SBOMs Are Only Truly Useful if They’re Dynamic
The software bill of materials (SBOM) is being widely touted as a way to ensure the security and integrity of software products. This is an accurate assessment, but not all SBOMs are created equal. Specifically, those that are dynamic are far more useful and effective than those that are not.
In fact, SBOMs that are not dynamic—able to easily and automatically account for the constant change swirling around the software landscape—are of minimal use. They’re static entities in the midst of ongoing shifts. It’s the “dynamic” and automation part of these documents that make them true security tools.
The Difference Between Static and Dynamic SBOMs
Static SBOM tools, which include many of the existing products in the market, fail to meet today’s security needs and create too much work for teams. They require manual, single-point-in-time scanning to understand changes in the environment.
These SBOMs create complex outputs that make it difficult to focus, and they are limited in terms of the scope of what they can see. In addition, they are often only available in specific parts of the software stack. Given all these limitations, the result is delay and uncertainty that can result in increased risk.
SBOMs clearly have the potential to give organizations and teams greater visibility into software supply chains, and more accurate information for vulnerability disclosure requirements. Some cybersecurity experts have noted that SBOMs will foster transparency, which in turn will lead to increased security and trust.
Ever since the U.S. federal government mandate calling for the creation of SBOMs to avoid the next major vulnerability resulting in attacks, software providers have been trying to figure out how to build SBOMs that are effective as well as dynamic.

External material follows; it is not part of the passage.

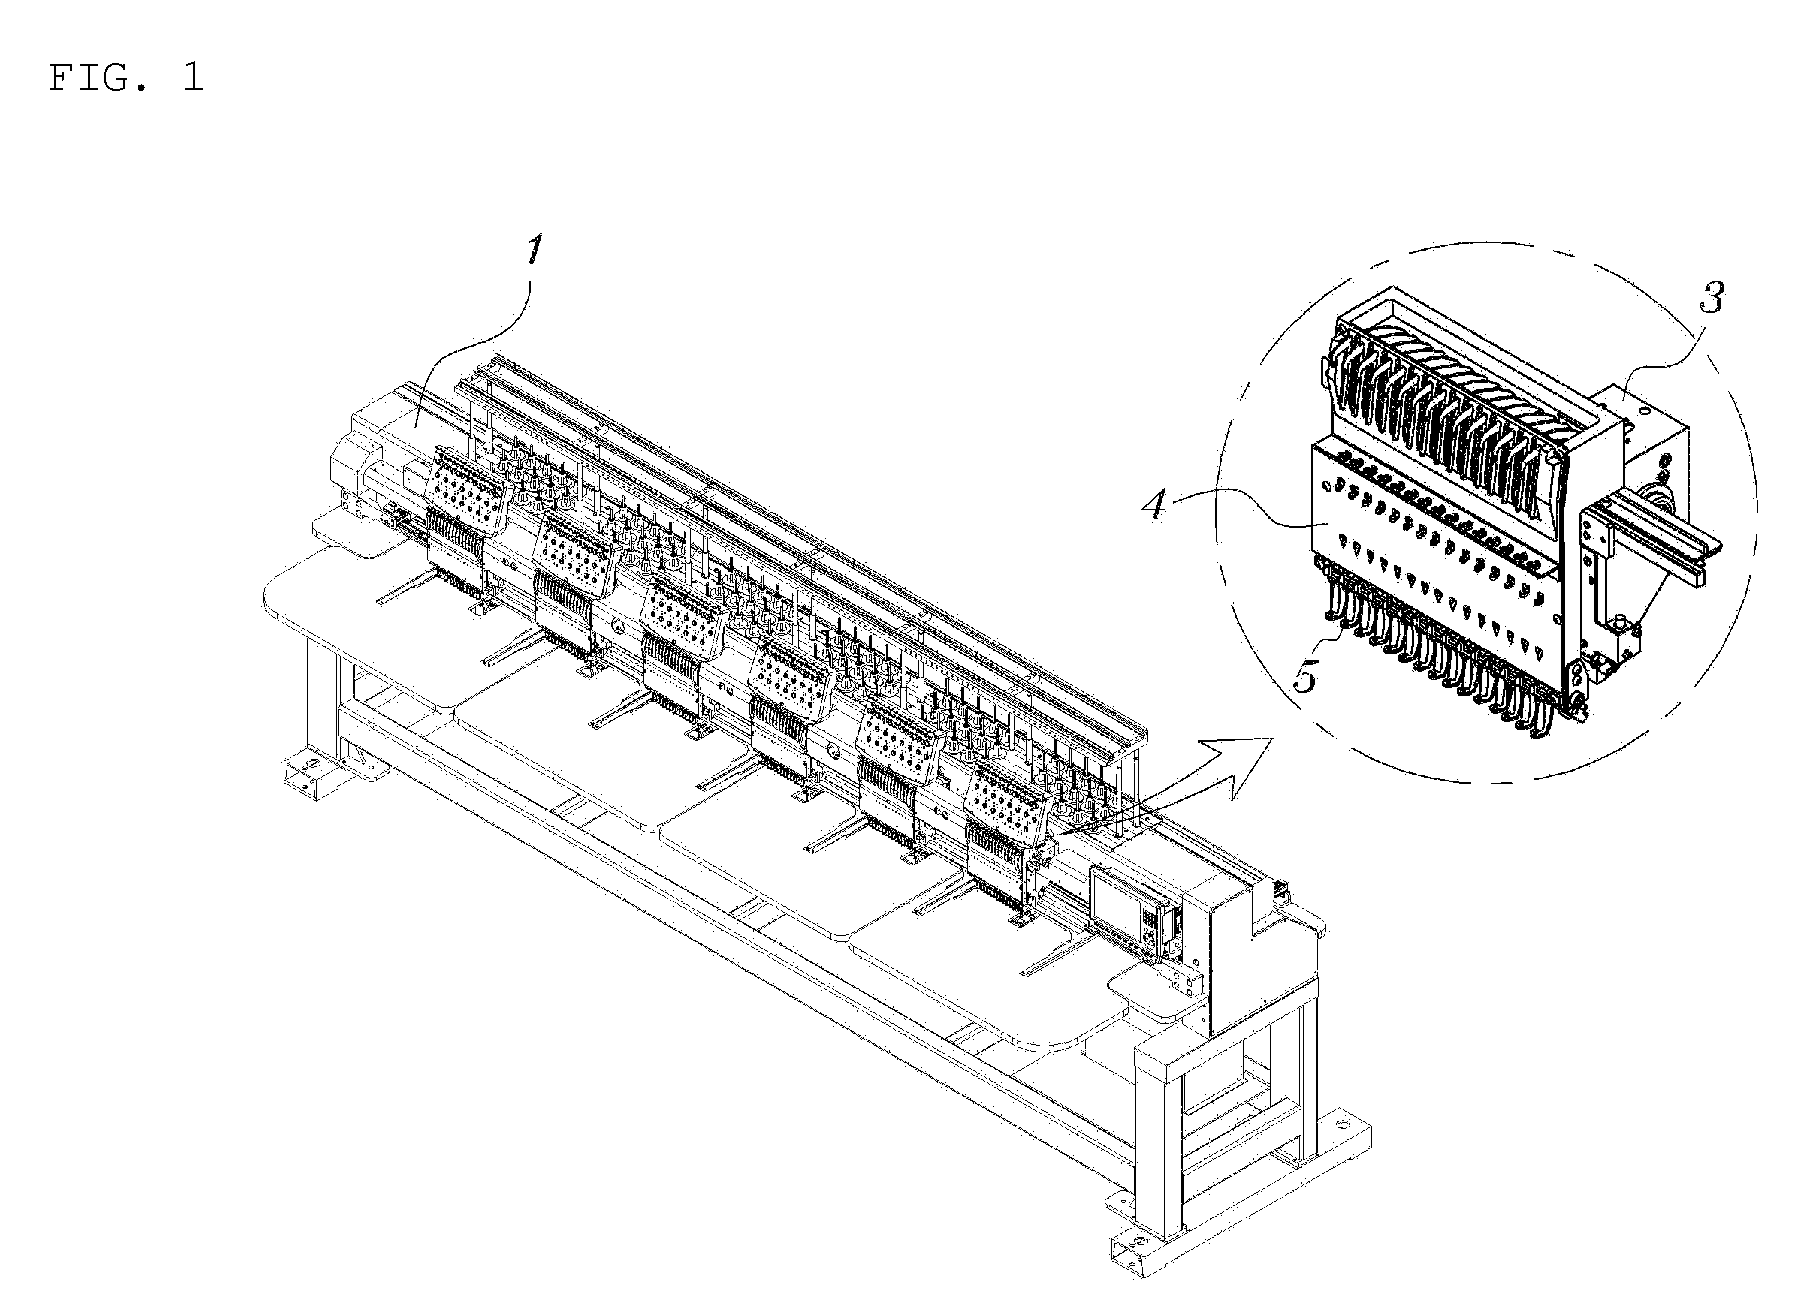 Apparatus for Lifting Presser Foot of Embroidery Machine

The key to success is to leverage SBOMs that are dynamic. These SBOMs are flexible documents that automatically incorporate updates whenever a change is made to any software component. This includes code updates, vulnerability patches, and new features and any other modifications. If the information is not kept current, an SBOM will lose its value.
A dynamic SBOM also provides context about how software components are used and executed—unlike static SBOMs that simply inform about what’s there. The dynamic runtime context is vital for distinguishing latent components from active exploitable threats, understanding true risk and focusing remediation efforts on the relevant parts of the SBOM.
Why Dynamic SBOMs Will Soon Be a Requirement
Eventually, it will likely become a requirement for organizations to shift to dynamic SBOMs, especially those that develop software on a regular basis. In the future, SBOMs will be integrated into the security lifecycle of software products and generated automatically at predefined stages.
They will be used as security gates as products move from one stage to another, driven by an organization’s security policies. These are significant developments, given that many software providers are not aware of what vulnerabilities exist in their products and which are exploitable.
SBOMs can certainly play a critical role in making software secure and keeping products secure over time—but only if those SBOMs are dynamic.